* Records to use
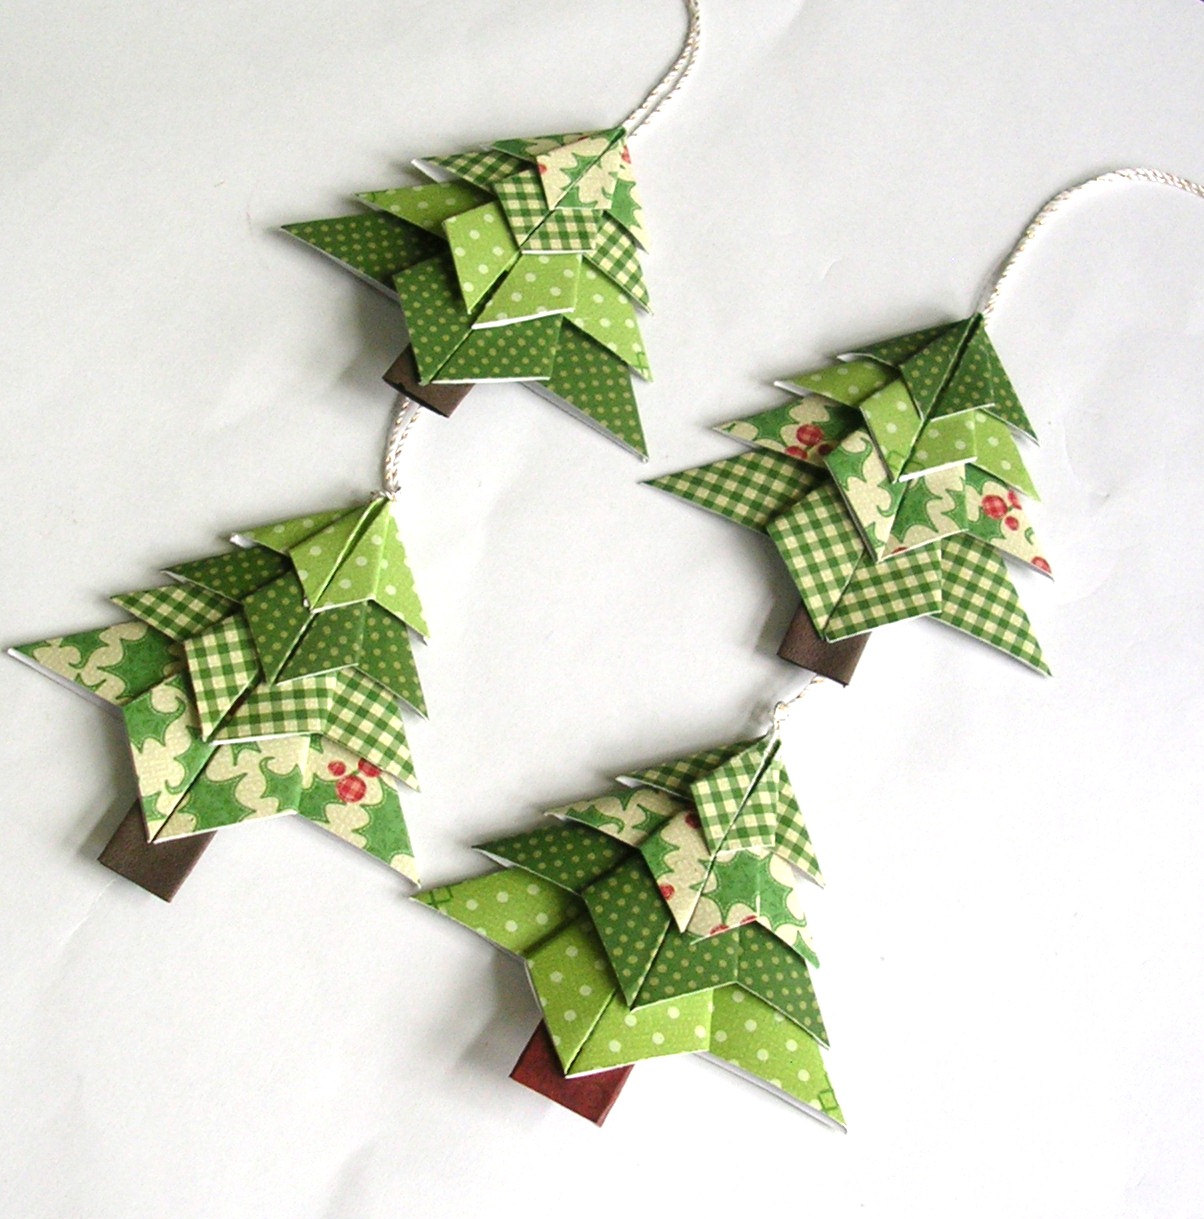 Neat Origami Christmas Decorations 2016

---

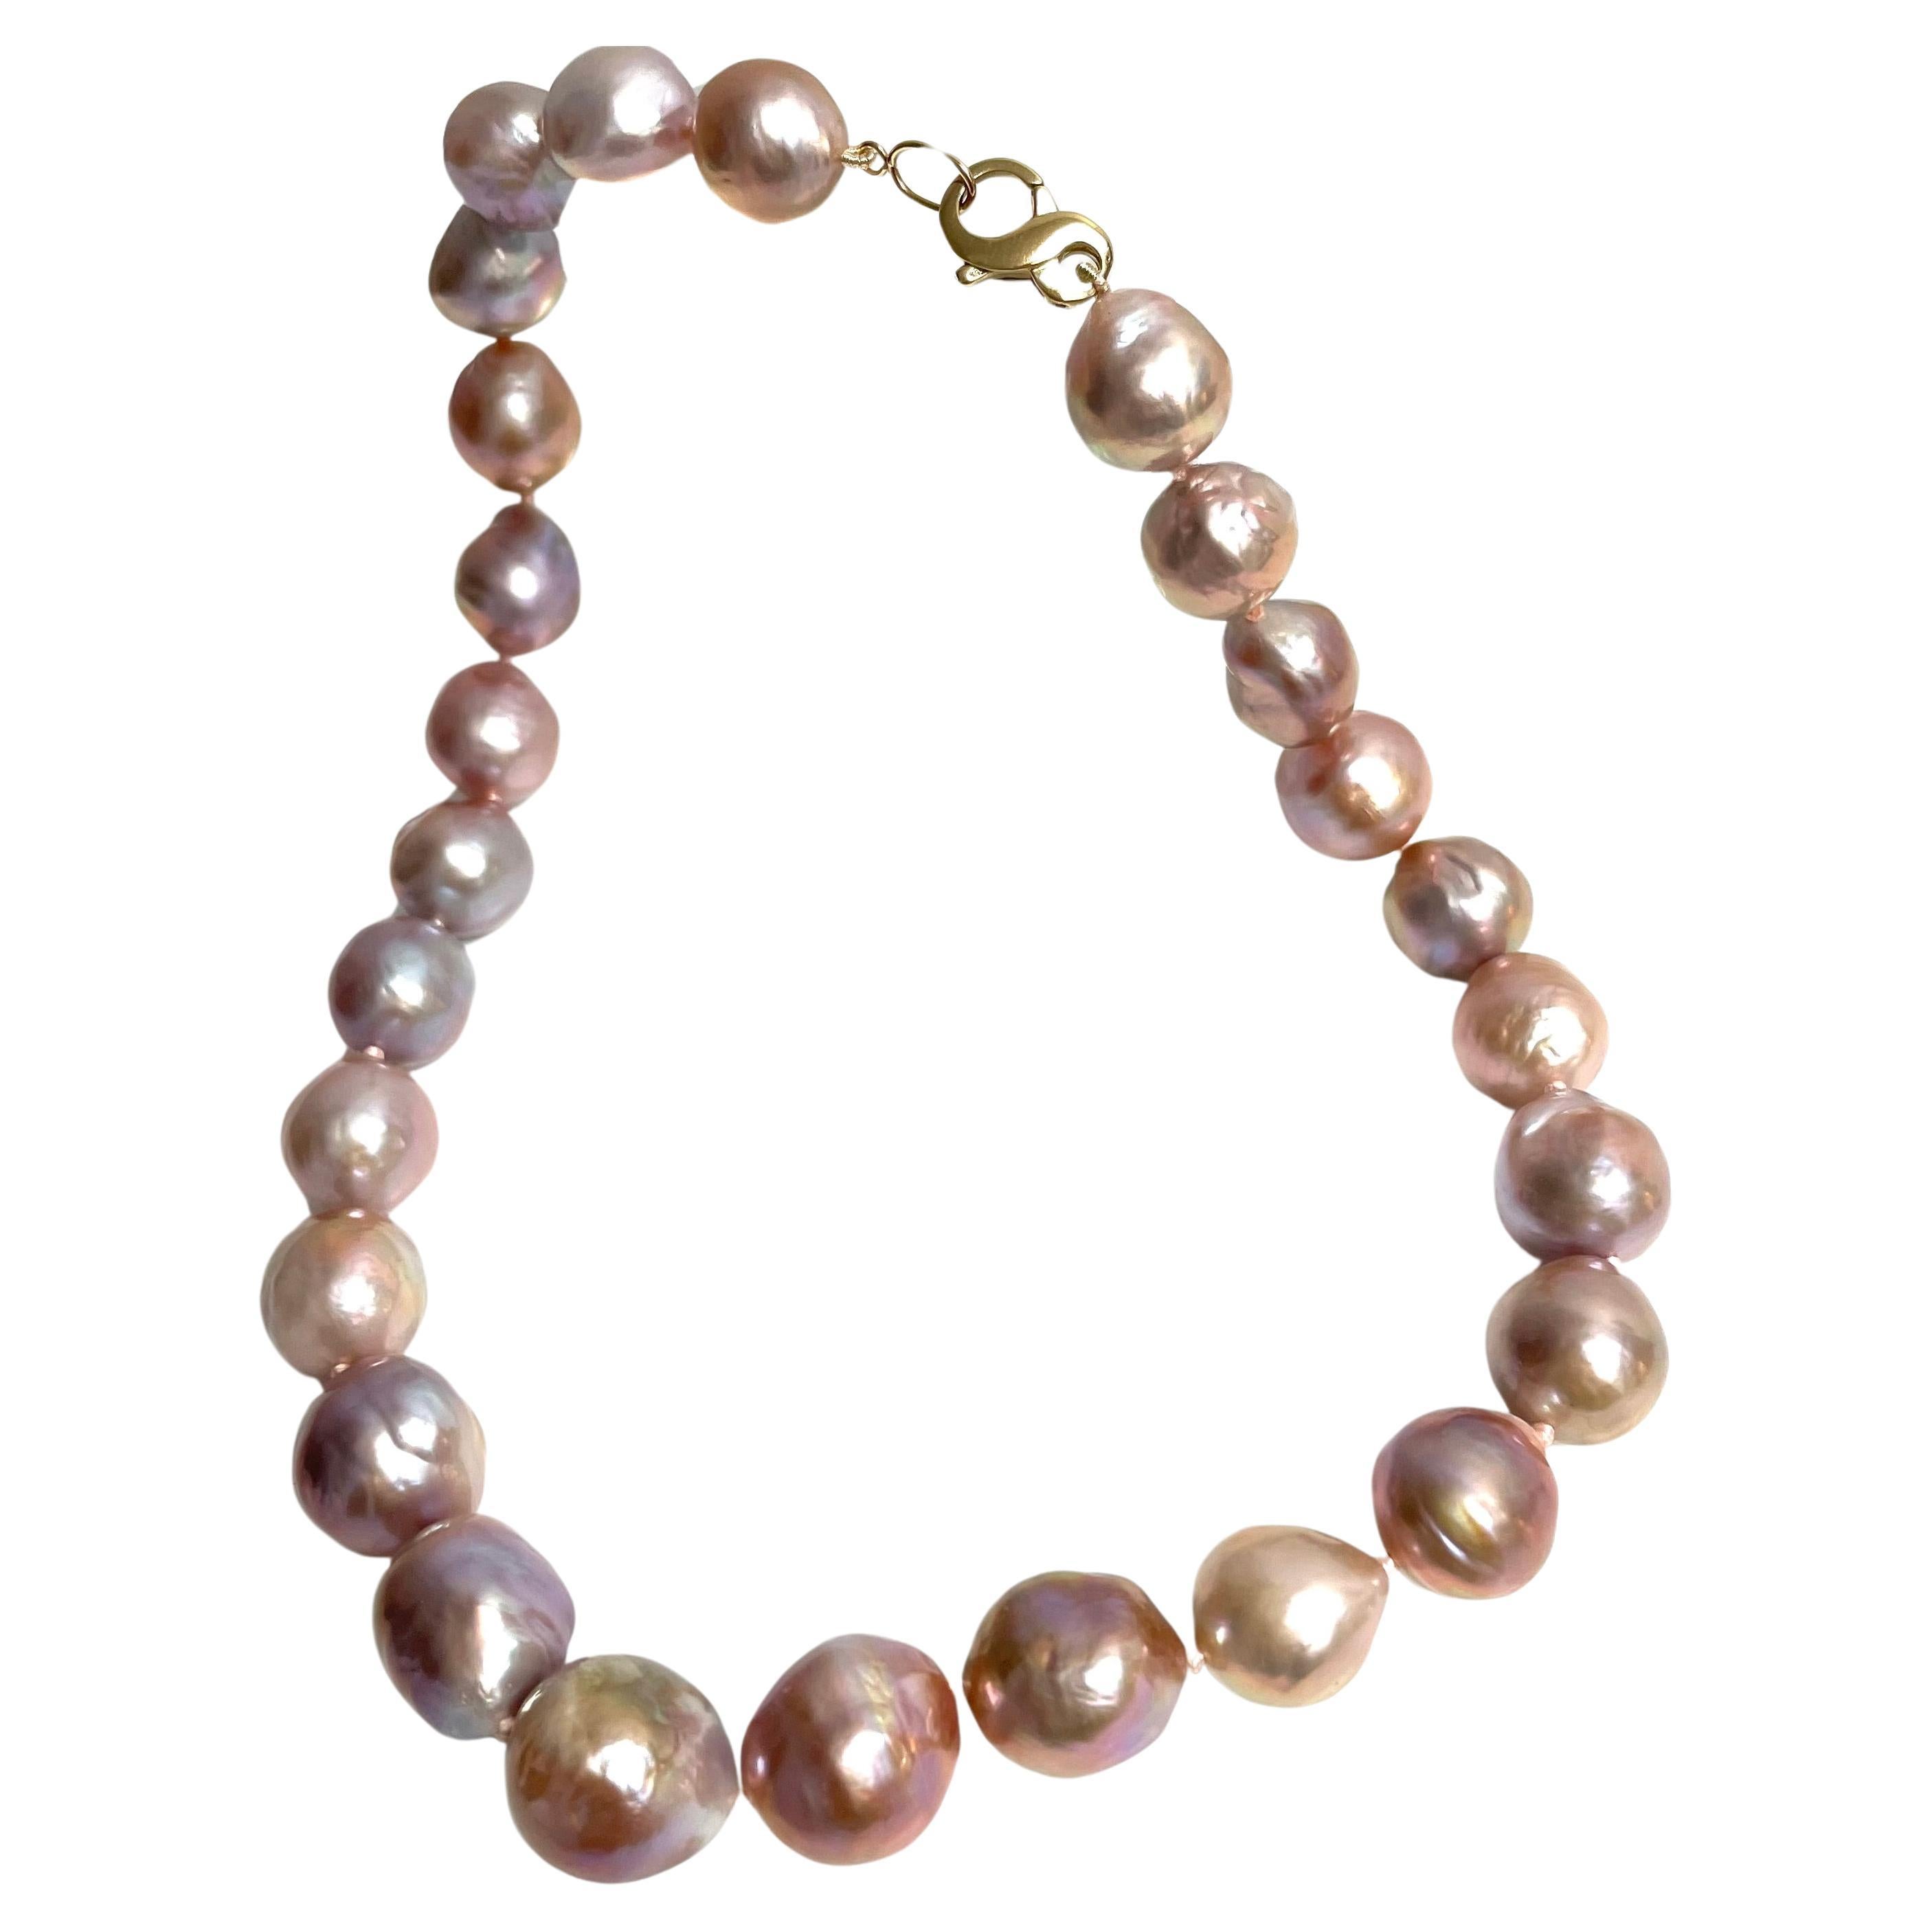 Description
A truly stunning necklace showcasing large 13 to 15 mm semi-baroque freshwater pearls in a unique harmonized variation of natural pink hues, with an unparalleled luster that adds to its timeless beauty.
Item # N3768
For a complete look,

* Work order
Above are the records; repeat exactly the lines from the one holding "A truly stunning" down to the one holding "For a complete", end lines included.

* Solution for this problem
A truly stunning necklace showcasing large 13 to 15 mm semi-baroque freshwater pearls in a unique harmonized variation of natural pink hues, with an unparalleled luster that adds to its timeless beauty.
Item # N3768
For a complete look,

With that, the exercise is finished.